Re: [Nutch-general] New to Nutch, a few questions

Renaud Richardet Wed, 31 Jan 2007 11:37:19 -0800

As Zaheed pointed out, "You need to activate index-more and query-more 
plugin in nutch-site.xml"


So, copy the entry "plugin.includes" from nutch-defaults.xml, add 
index-more and query-lang, and insert it in your nutch-site.xml. You 
should have something like this:

<property>
  <name>plugin.includes</name>
  
<value>protocol-http|urlfilter-regex|parse-(text|html|js)|index-(basic|more)|query-(basic|site|url|lang)|summary-basic|scoring-opic</value>
  <description>Regular expression naming plugin directory names to
  include.  Any plugin not matching this expression is excluded.
  In any case you need at least include the nutch-extensionpoints plugin. By
  default Nutch includes crawling just HTML and plain text via HTTP,
  and basic indexing and search plugins.
  </description>
</property>

HTH,
Renaud


Nes Yarug wrote:
> Oops, my previous post should read "I have NOT explicitely activated 
> those
> plugins"
>
> On 1/31/07, Nes Yarug <[EMAIL PROTECTED]> wrote:
>>
>> I have explicitely activated those plugins. Could you tell me how to do
>> that with an example as I looked through conf/nutch-default.xml and
>> couldn't find any references to it. I'm using 0.8.1 by the way.
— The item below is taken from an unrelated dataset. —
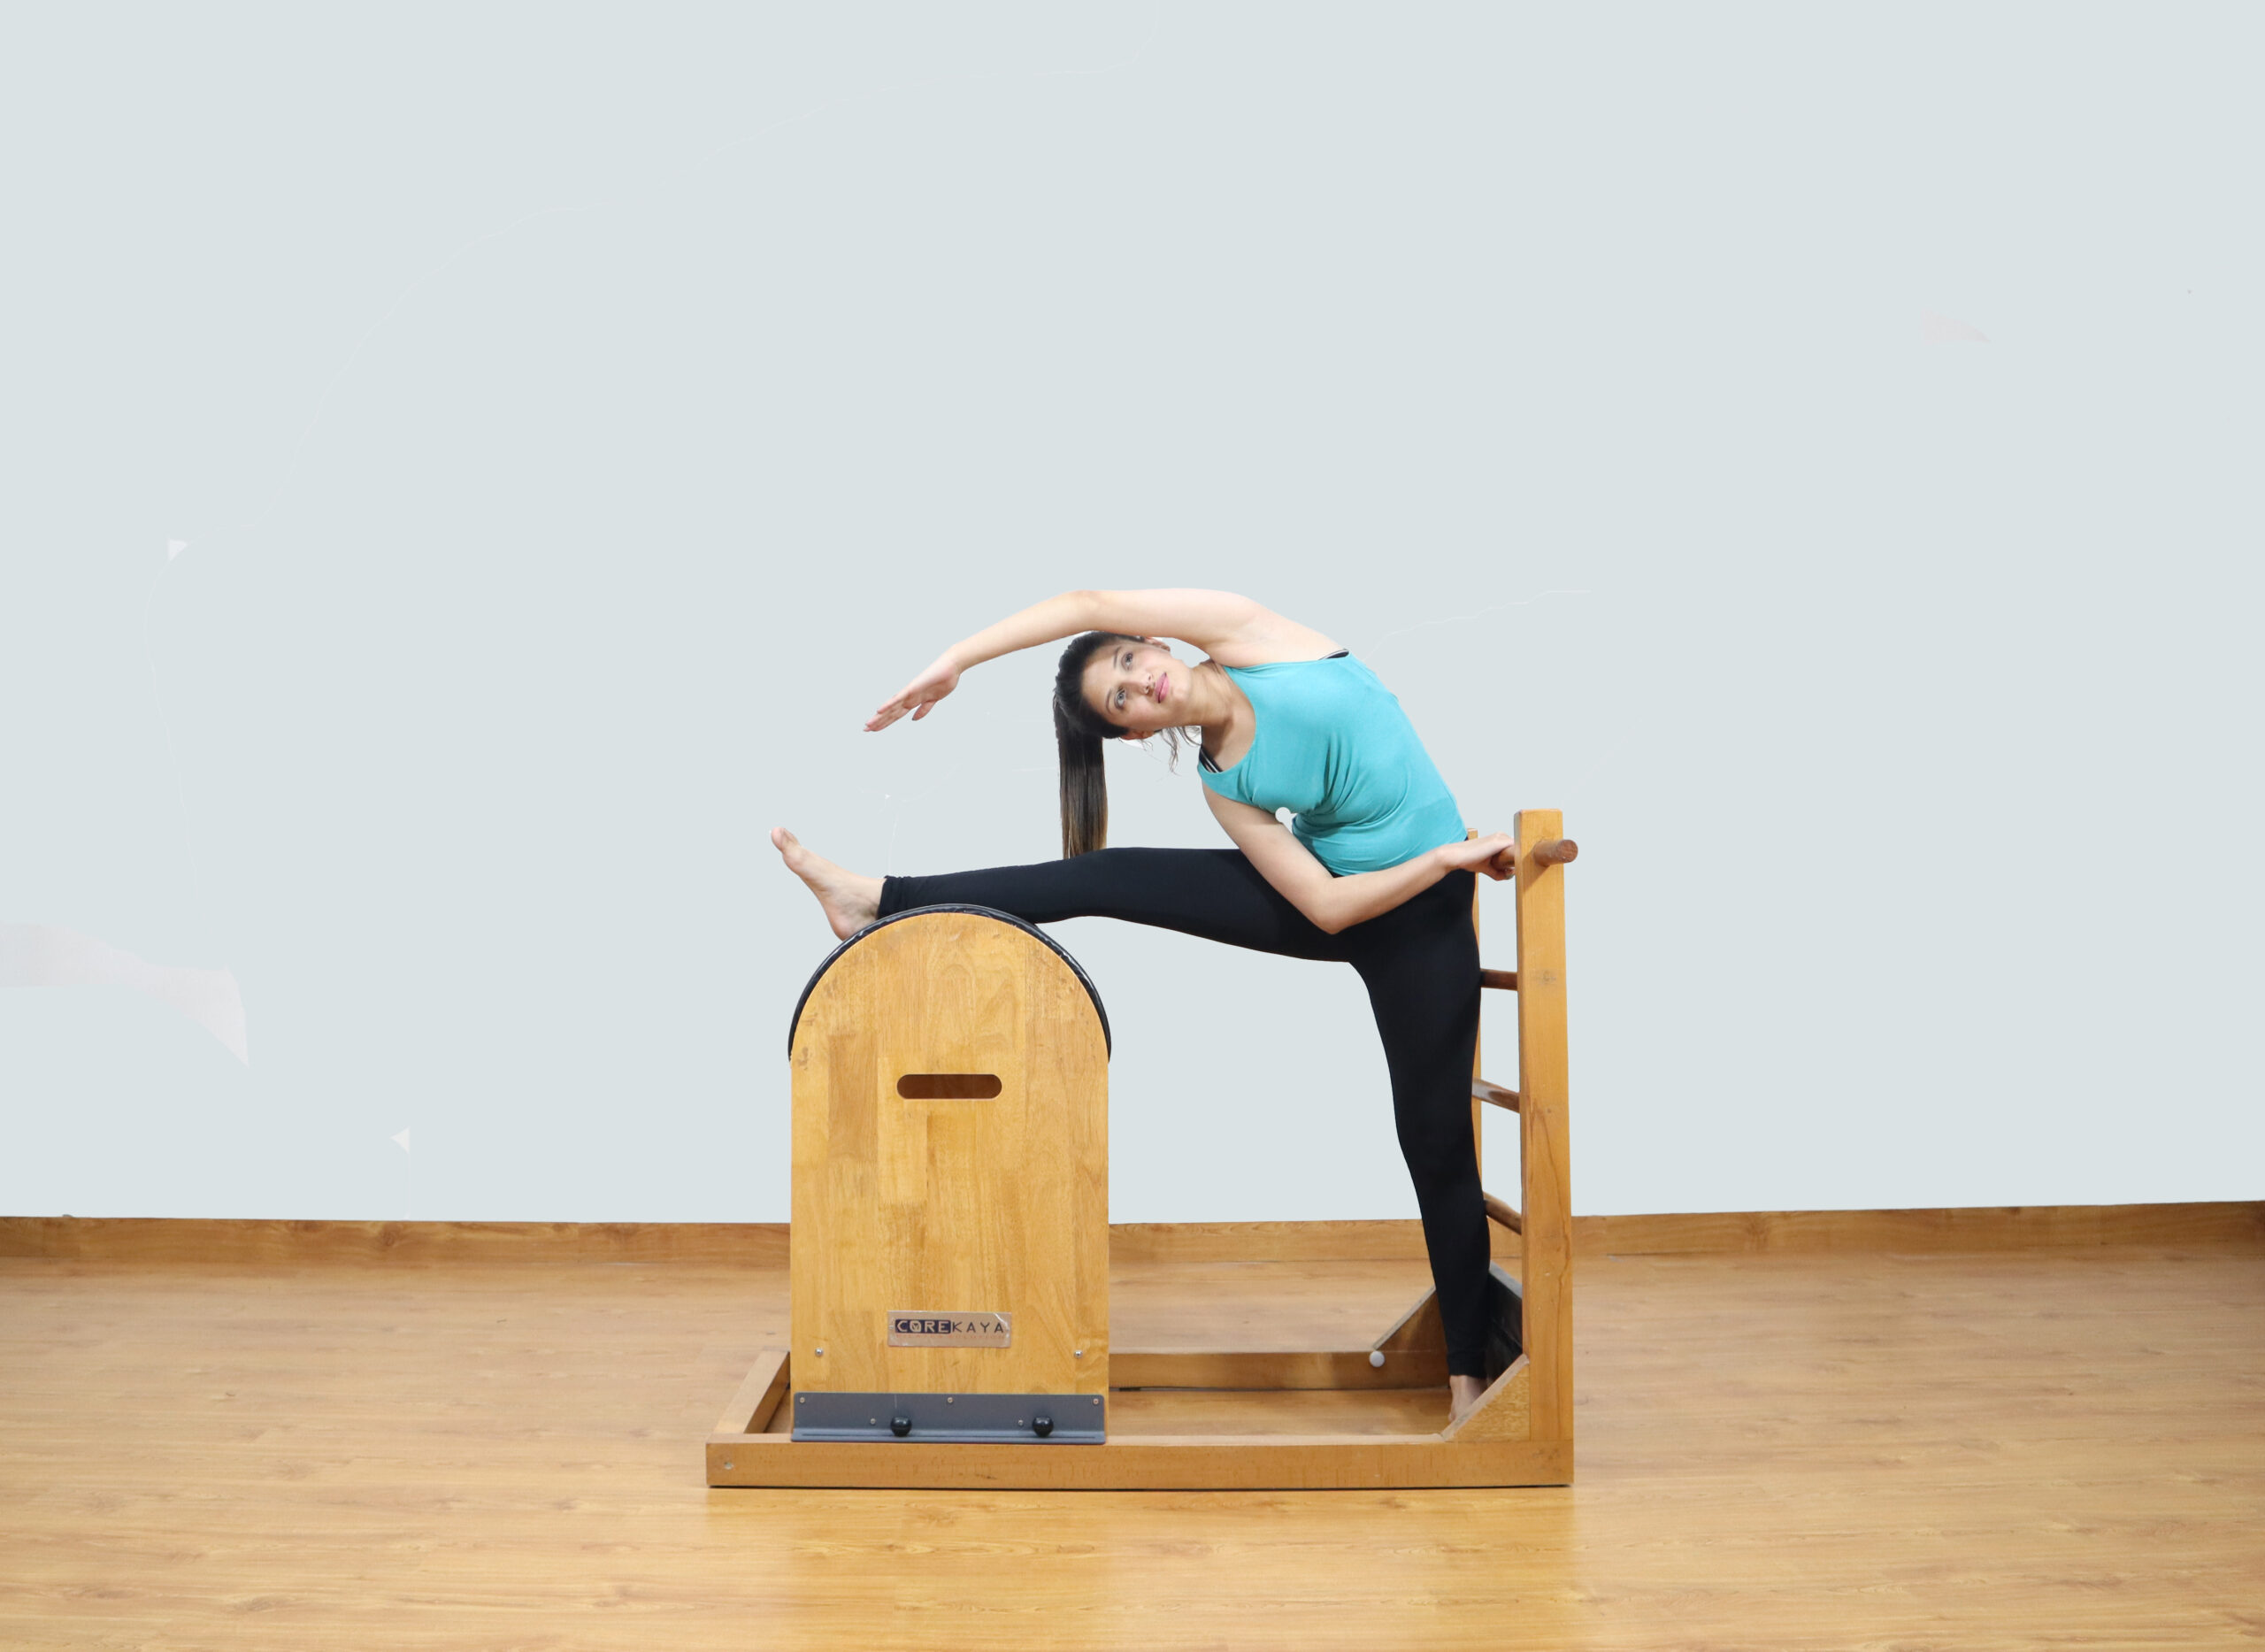 Pilates Ladder Barrel : How it helps improve core stabilization

They are
>> enabled in the build I guess as default.properties is listing them:
>>
>> #
>> # Indexing Filter Plugins
>> #
>> plugins.index=\
>>    org.apache.nutch.indexer.basic*:\
>>    org.apache.nutch.indexer.more*
>>
>> #
>> # Query Filter Plugins
>> #
>> plugins.query=\
>>    org.apache.nutch.searcher.basic*:\
>>    org.apache.nutch.searcher.more*:\
>>    org.apache.nutch.searcher.site*:\
>>    org.apache.nutch.searcher.url*
>>
>> Many thanks,
>> Nes
>>
>> On 1/31/07, Zaheed Haque <[EMAIL PROTECTED]> wrote:
>> >
>> > Unless you haven't yet.. You need to activate index-more and
>> > query-more plugin in nutch-site.xml
>> >
>> > You can also check the "explan link"  from the search results page and
>> > you will see "lang" is missing if you haven't activated the index-more
>> > and query-more plugin..
>> >
>> > Cheers
>> >
>> > On 1/31/07, Nes Yarug <[EMAIL PROTECTED]> wrote:
>> > > Thank you everyone for your replies.
>> > >
>> > > I have implemented the recrawl script from
>> > > http://wiki.apache.org/nutch/IntranetRecrawl and that is still 
>> running
>> > for
>> > > over 12 hours so I guess that  would index much more pages.
>> > >
>> > > Leaves the question about language specific search. I have tried
>> > adding the
>> > > lang: clause to my search query by appending lang:en but that is not
>> > > returning any results (as if lang:en would become part of the actual
>> > query).
>> > > The url then looks like this: search.jsp
>> > > ?query=help+lang%3Aen&hitsPerPage=10&lang=en
>> > >
>> > > Anyone has used a language specific search before, do I need to 
>> add a
>> > new
>> > > (hidden) input field on the search form to specifiy the language
>> > instead of
>> > > appending it to the query? That would be my preference anyway, as I
>> > want the
>> > > language specific search to be transparant to he user.
>> > >
>> > > Again, many thanks for any replies,
>> > > Nes
>> > >
>> > > On 1/30/07, Renaud Richardet <[EMAIL PROTECTED]> wrote:
>> > > >
>> > > > Nes Yarug wrote:
>> > > > > Hi all,
>> > > > >
>> > > > > I'm new to Nutch and I have a few questions that I hope to get
>> > some
>> > > > > answers
>> > > > > on. Thanks in advance for any replies.
>> > > > >
>> > > > > I want to use Nutch to index a web site I'm maintaining. I've
>> > followed
>> > > > > the
>> > > > > tutorial for intranet crawling and used a list of links (17420
>> > links
>> > > > > to 8710
>> > > > > pages, each page has two unique links) from my site to crawl
>> > initially.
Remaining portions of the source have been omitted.